→ **DATASET EXCERPTS**:
____
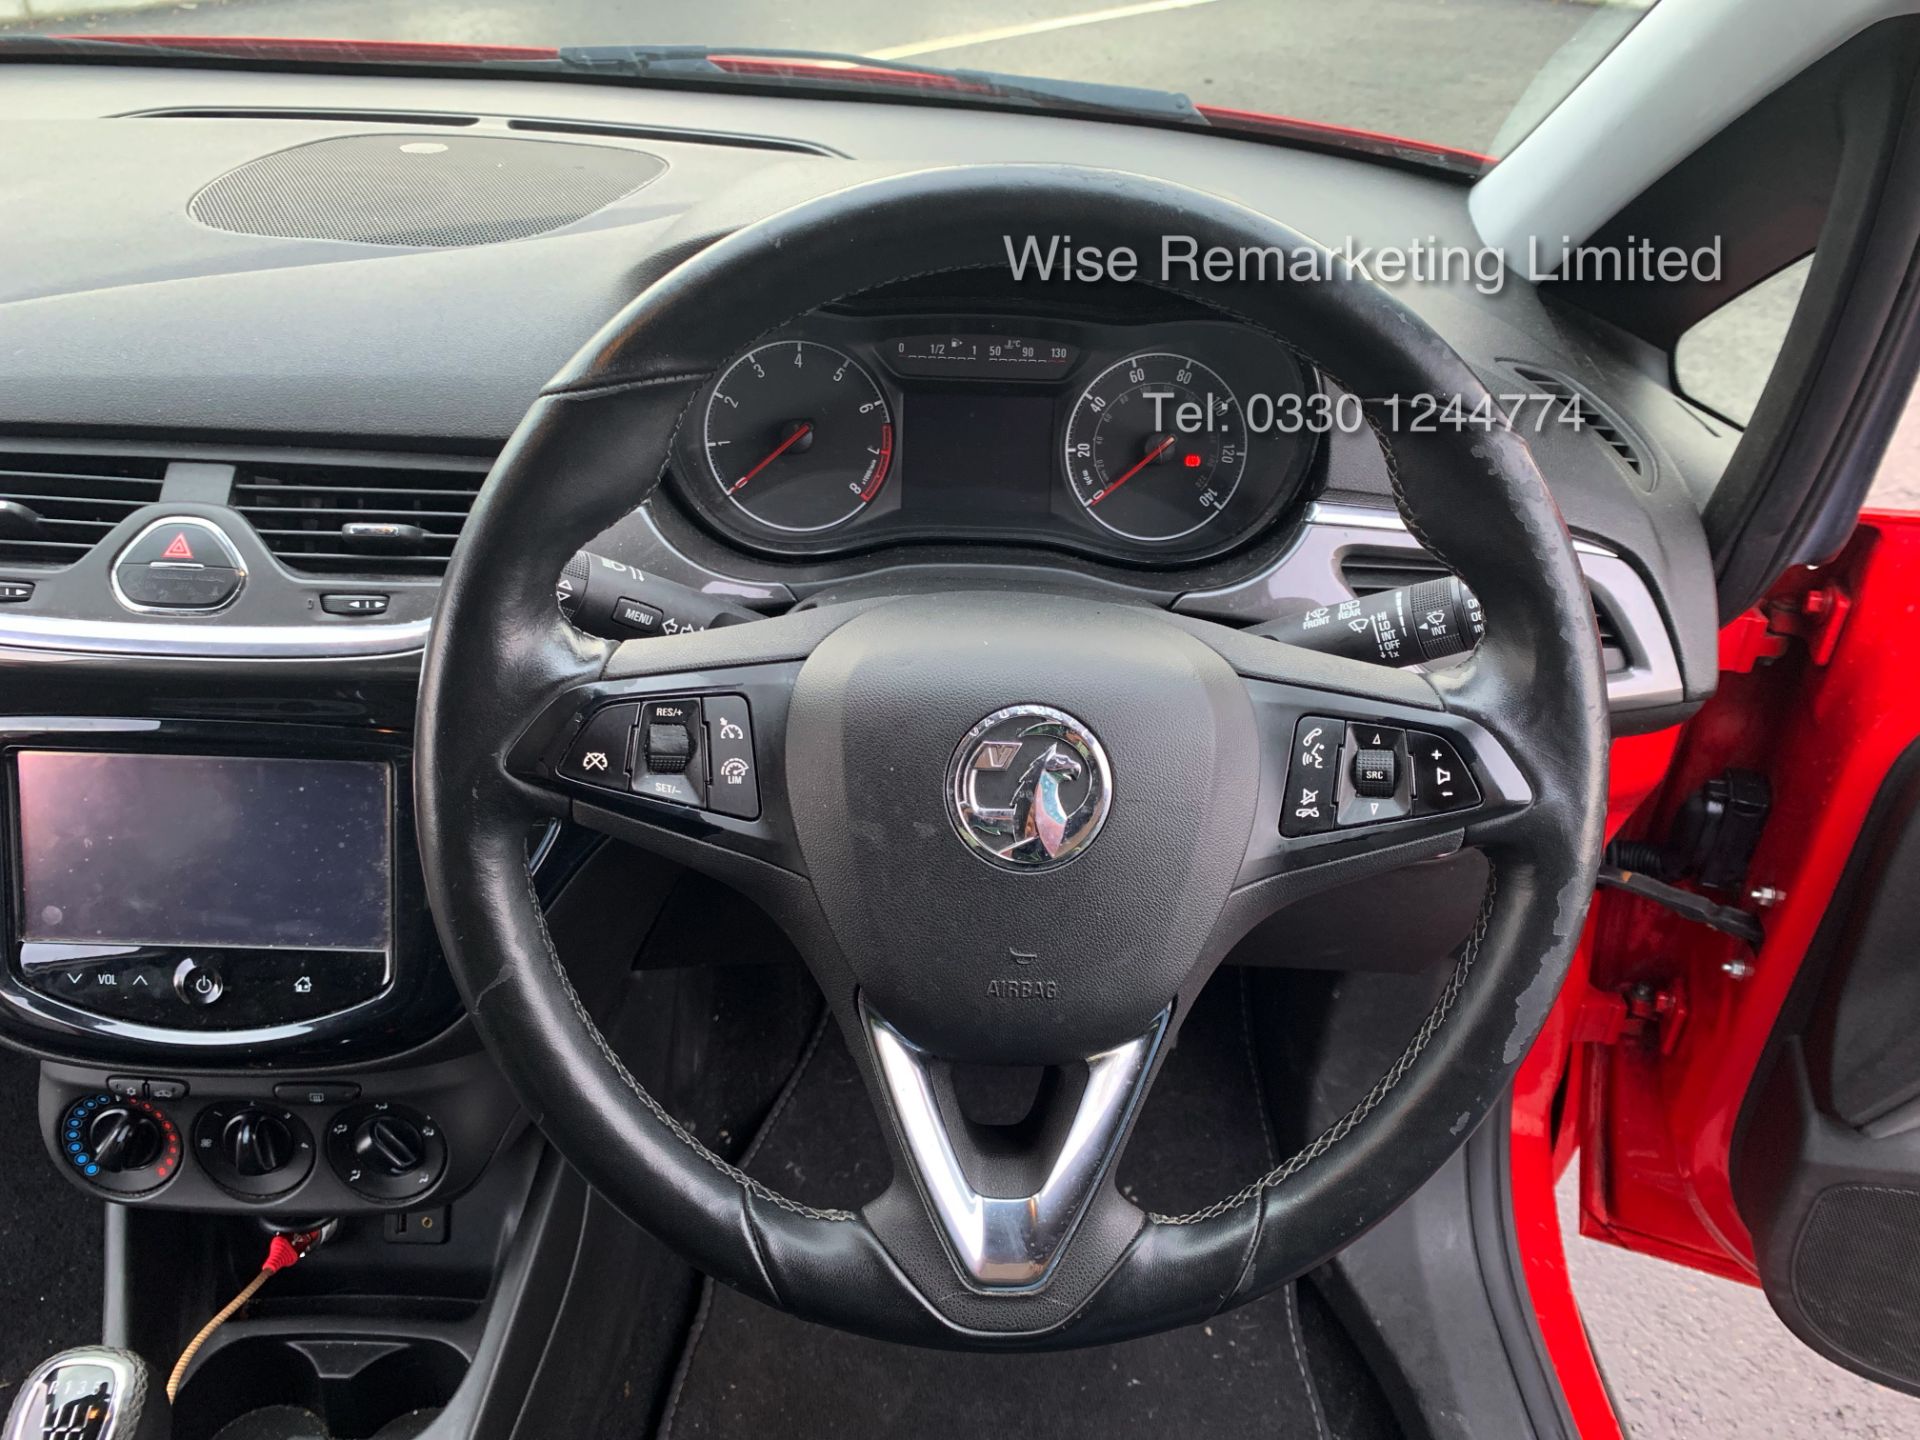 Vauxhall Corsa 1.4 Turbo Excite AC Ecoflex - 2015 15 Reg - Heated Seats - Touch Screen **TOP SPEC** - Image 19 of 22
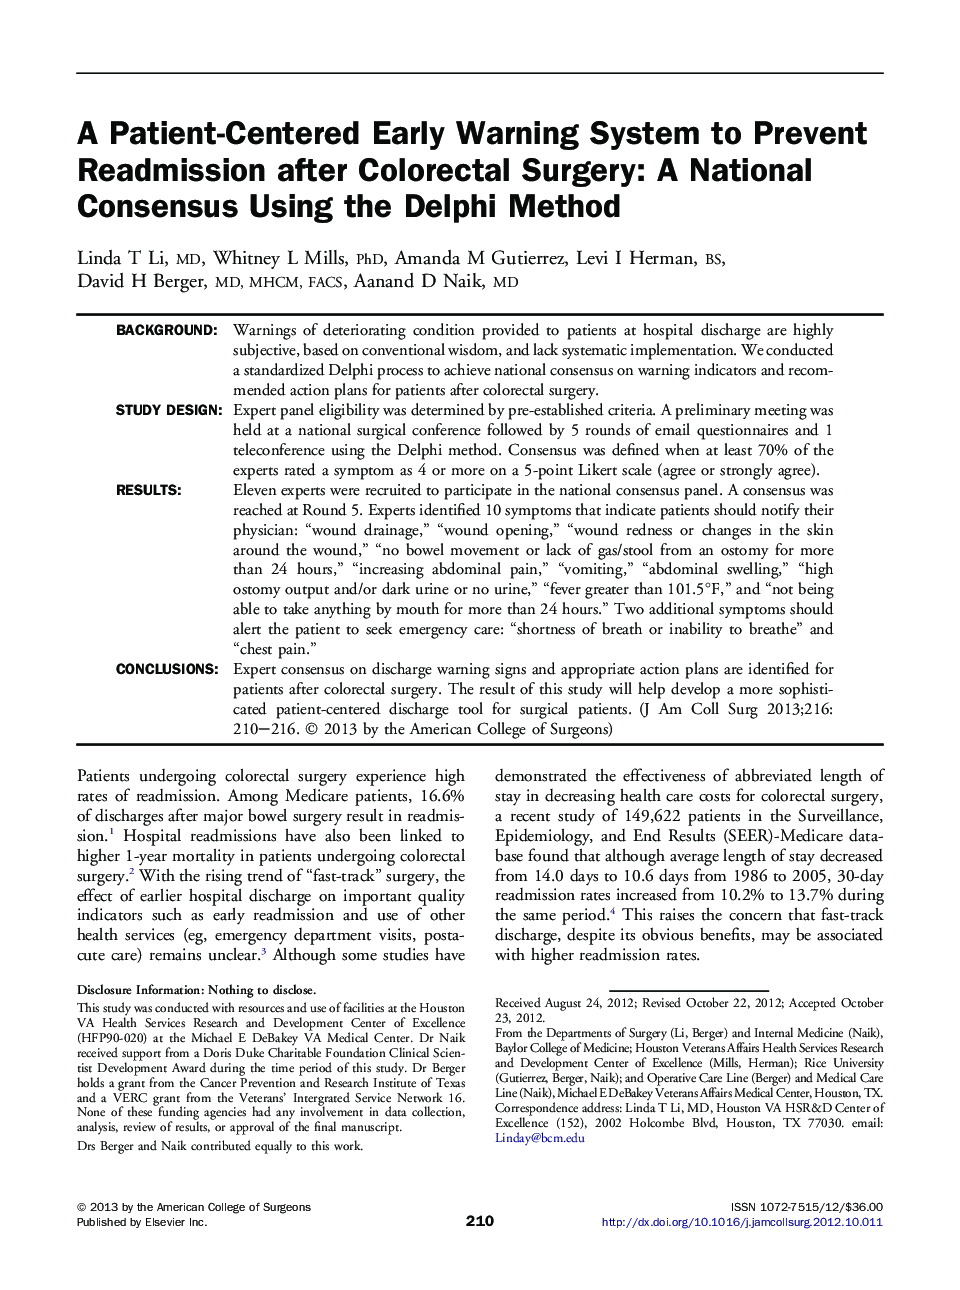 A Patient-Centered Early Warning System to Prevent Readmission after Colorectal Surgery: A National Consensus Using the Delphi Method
____
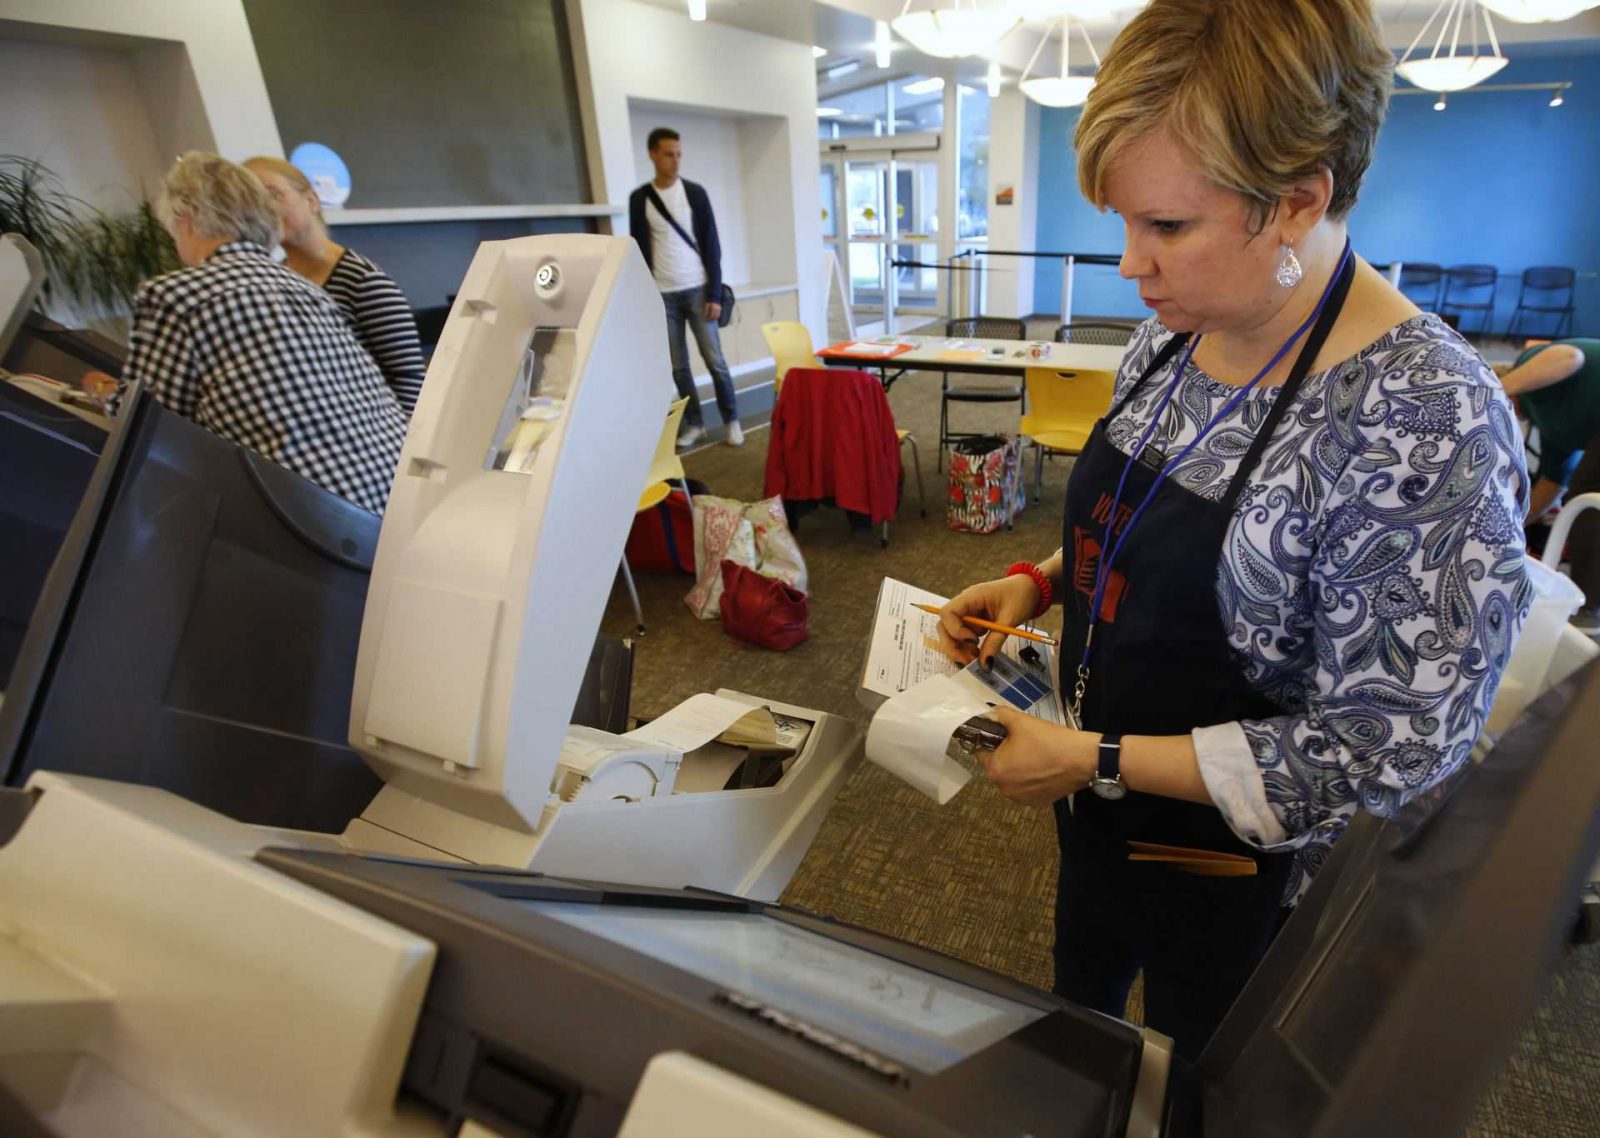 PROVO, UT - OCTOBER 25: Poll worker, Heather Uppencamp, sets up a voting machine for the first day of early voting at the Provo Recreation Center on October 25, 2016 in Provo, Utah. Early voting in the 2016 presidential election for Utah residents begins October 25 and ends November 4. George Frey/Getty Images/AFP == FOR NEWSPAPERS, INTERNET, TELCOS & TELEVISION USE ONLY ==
____
Above are some records. Output exactly the lines from the one that contains "Vauxhall Corsa 1.4" to the one that contains "A Patient-Centered Early", keeping both, and omit the pictures.

 Vauxhall Corsa 1.4 Turbo Excite AC Ecoflex - 2015 15 Reg - Heated Seats - Touch Screen **TOP SPEC** - Image 19 of 22
 A Patient-Centered Early Warning System to Prevent Readmission after Colorectal Surgery: A National Consensus Using the Delphi Method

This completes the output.